Thursday, March 28, 2024

The Looming(?) Haredi Draft


For many years, Israel has effectively exempted Haredi youth from the otherwise universal requirement (for Jews) of IDF service. This has been a serious source of tension and strife in Israeli society -- a rallying point for secular and moderate Jews who view the Haredim as failing to pull their weight, and an absolute bedrock priority for Orthodox parties for whom avoiding military service is their number one policy demand.

The blockbuster decision out of the Israeli supreme court you might have read about doesn't quite compel the draft to start, but it does say that Haredim can no longer get their governmental stipends if they don't serve. In practice, the Haredi community is going to view it as the same thing -- an end to the system where they got paid to study Torah instead of serve in the army.

I won't claim to be an expert on this issue -- this is where I comment as an "interested amateur" -- but here are some initial thoughts.

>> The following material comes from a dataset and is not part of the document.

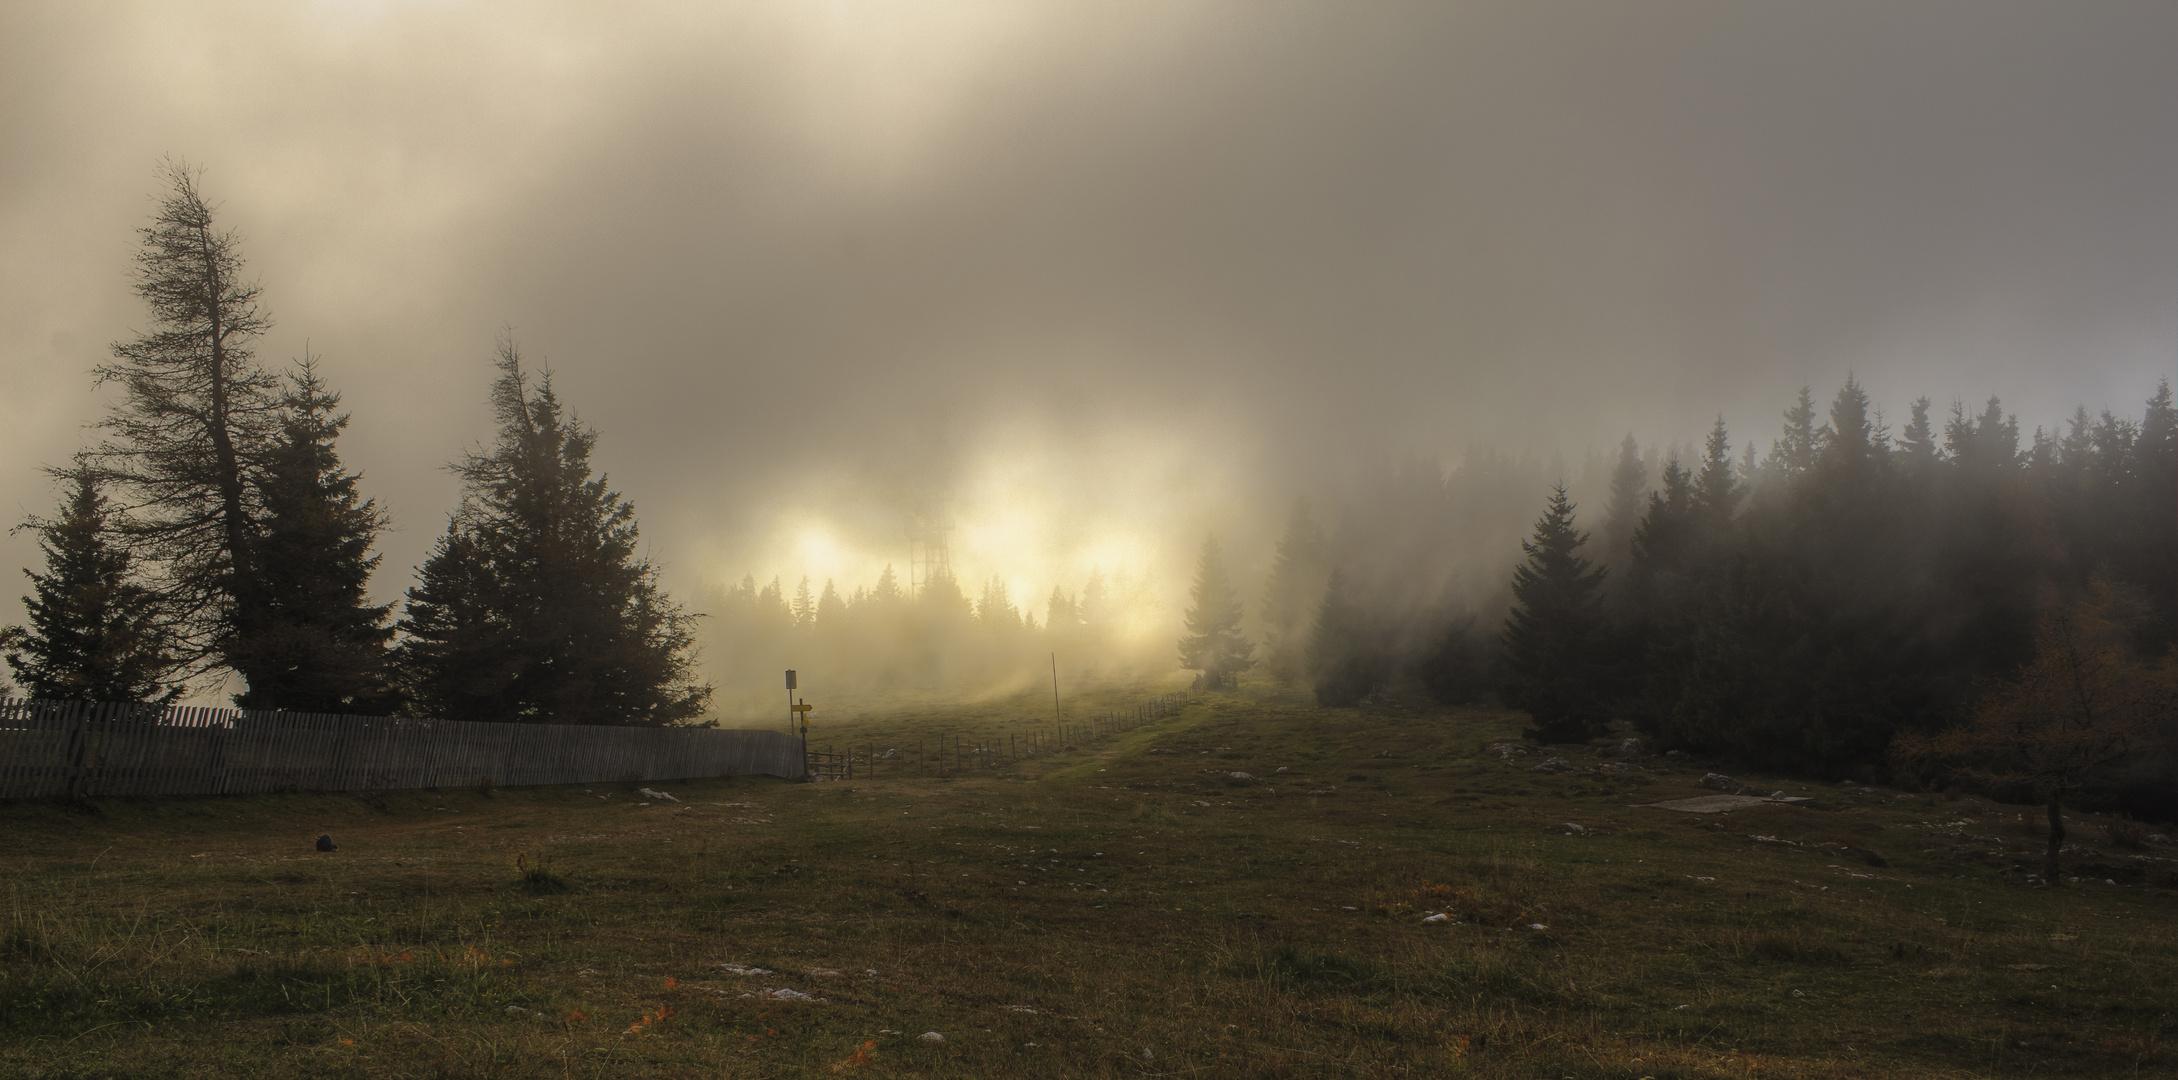 Der Weg zum Gipfel durch den Nebel

  • One immediate way to identify a complete know-nothing hack is if you see anyone saying this ruling demonstrates that the Israeli government is starving for manpower or some other vulgar materialist explanation. The current government, which depends on the support of Orthodox parties for its majority, was and is absolutely dead-set against this ruling.
  • That said, the current war and the strain it's placed on Israel's military capacities has certainly even further elevated this issue's salience amongst the opposition, and that may have helped create a further permission structure for the court to rule as it did.
  • It is entirely possible that this ruling could bring down Bibi's government. The mercurial nature of the Orthodox parties is I think a bit overstated (people are so proud for knowing better than the naive story about the ultra-Orthodox being the primary drivers of Israeli right-wing extremism -- "they've joined left-wing governments before! Shas backed land for peace!" -- that they skip past the ways that this social cadre has genuinely shifted rightward in recent years). But this issue really is the sine qua for the ultra-Orthodox, and if the current government can't secure it, that's going to create a yawning fissure in an already creaky coalition.
  • It might be weird to think of "more militarization" as helping bolster pro-peace impulses in Israel. But we might see some shift in that direction, for at least two reasons. 
    • Number one, in general, if every social sector is sharing the burden of military service, that may put a damper on needless military adventurism. Parties that are happy to risk the bodies of other Israelis to defend settlement outposts may be less willing to do so once their bodies are on the line. 
    • Number two, for the Haredi parties in particular, the only way they might plausibly get their exemptions back is in a world where Israel is less reliant on constant militarization. So that could create some possibility for working relationship with more liberal forces in the state; albeit an "alliance" that will always be on shaky footing.